They passed through the living room with their coolers and bags, Adrian first—the TV silent in the corner, Adrian’s father’s BB gun mute on the mantel. And while Greenville slept, they backed out of the damp driveway and sped off.
Adrian’s mother drove as the radio mumbled about a town called Love Canal, which sounded like a fairy-tale place where no one actually lived. Adrian sucked on Necco Wafers and studied her profile as she sang along with the song that came next, “Just slip out the back, Jack. Make a new plan, Stan,” and “get yourself free.” In a place called Sunset Beach, they stopped for boiled peanuts that came in steamy wet bags, and when they got back into the car, Adrian teased his mom about hiding behind her big white sunglasses in a voice like a guy from a cop show about to arrest her, till she laughed and slapped at his knee.
By late afternoon, they slid along the river in an old rented canoe, quiet, thinking their own thoughts, letting the sun and water press those thoughts into nothing. Spanish moss hung from the arms of towering cypresses like great loosely woven shawls as they floated beneath them. Adrian pulled the tongues out of his shoes so they’d dry better. His mother pursed her lips, scanning the trees, when—in a lightning flash of discovery—she gasped, mouthed Adrian’s name, jabbed at the air, and hissed, “Ivorybill!”
There it was. Perched on a branch of a cypress on the far bank of the swamp, the Grail Bird, the Ghost Bird, the Lord God Bird—the feisty, war-painted Ivory-billed Woodpecker, the extinct, most impossible bird on earth.
Or so his mother said.
In that wide-open moment, Adrian slipped down in the cool water and sloshed in the direction of the bobbing, joyful nearly two-foot-high creature, the river parting before him, the bird piercing the old tree again and again, its crest dipped in a bright blood red.

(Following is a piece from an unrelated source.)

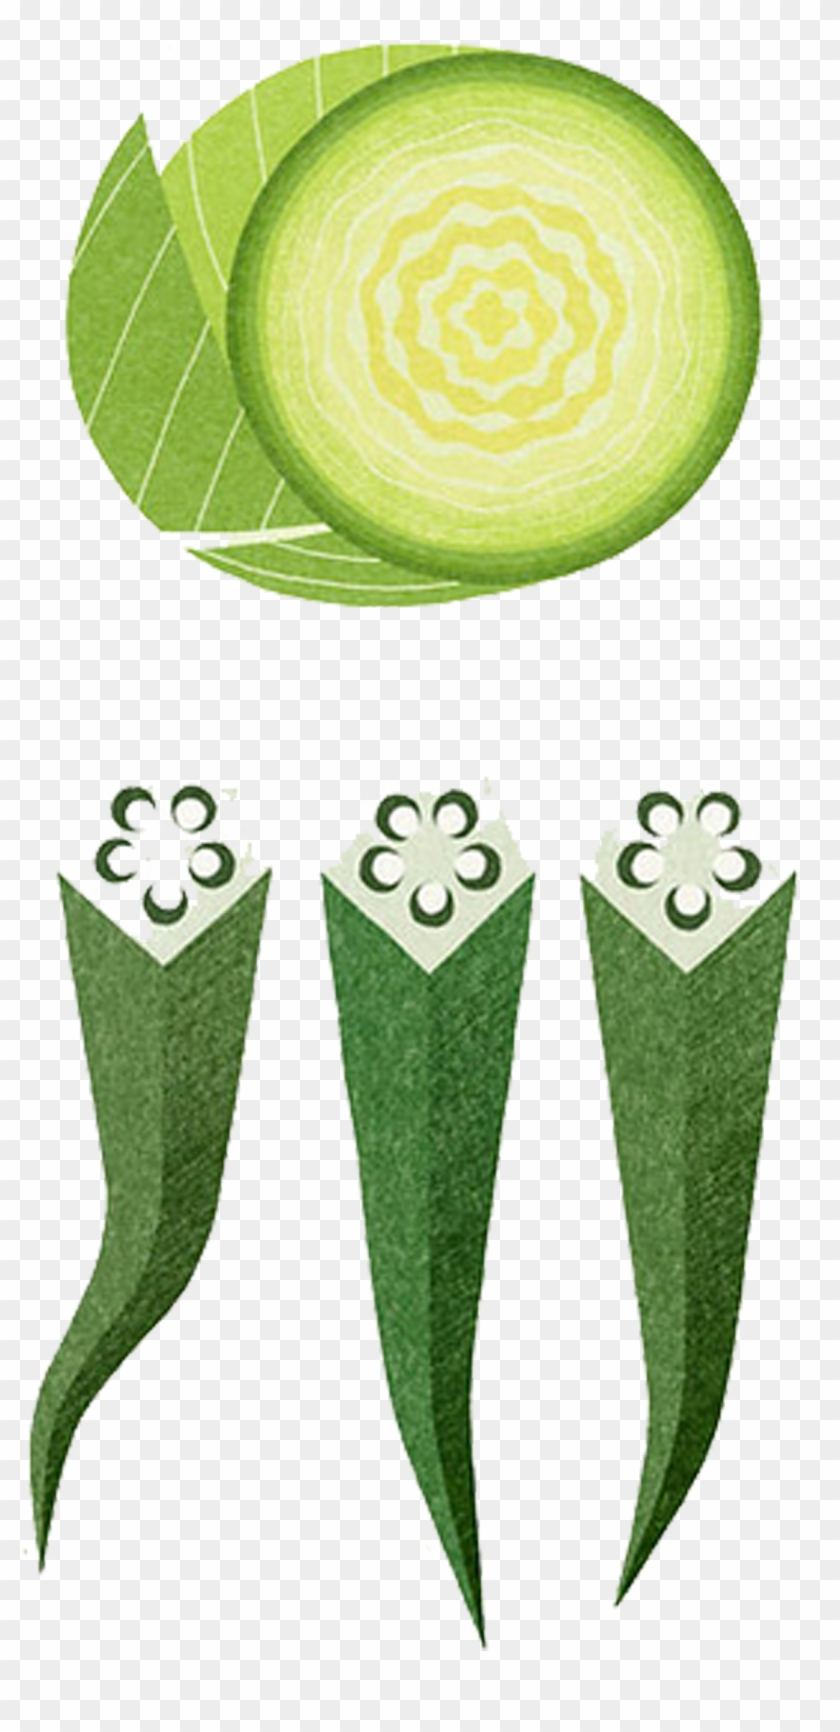 Okra Vegetable Painting Illustration - Illustration #934527

As Adrian turned back to his mom and gestured broadly at the ivorybill, water fanned from his outstretched arm. She snapped a picture, and the woodpecker began to lift from the tree into the sky.
• • •
When they arrived back at the hot tar driveway and whirring window fans of the Greenville house, Adrian’s mother found the magnifying glass in the rolltop desk. They hunched together on the couch to compare her Polaroid with both a drawing of the Ivory-billed Woodpecker and a drawing of a common Pileated Woodpecker in the Birds of North America field guide.
“See?” his mom said, squinting at her photo. “Yes, Adrian, there is the red tuft on his head. There’s the white on his face extending right down his neck to his back.”
She pointed to the drawing of the pileated in the field guide. “And see that?”
Adrian nodded.
“That’s called the trailing edge. It’s black on the pileated. But see how on the ivorybill it’s white?” She pointed out the difference in the two illustrations.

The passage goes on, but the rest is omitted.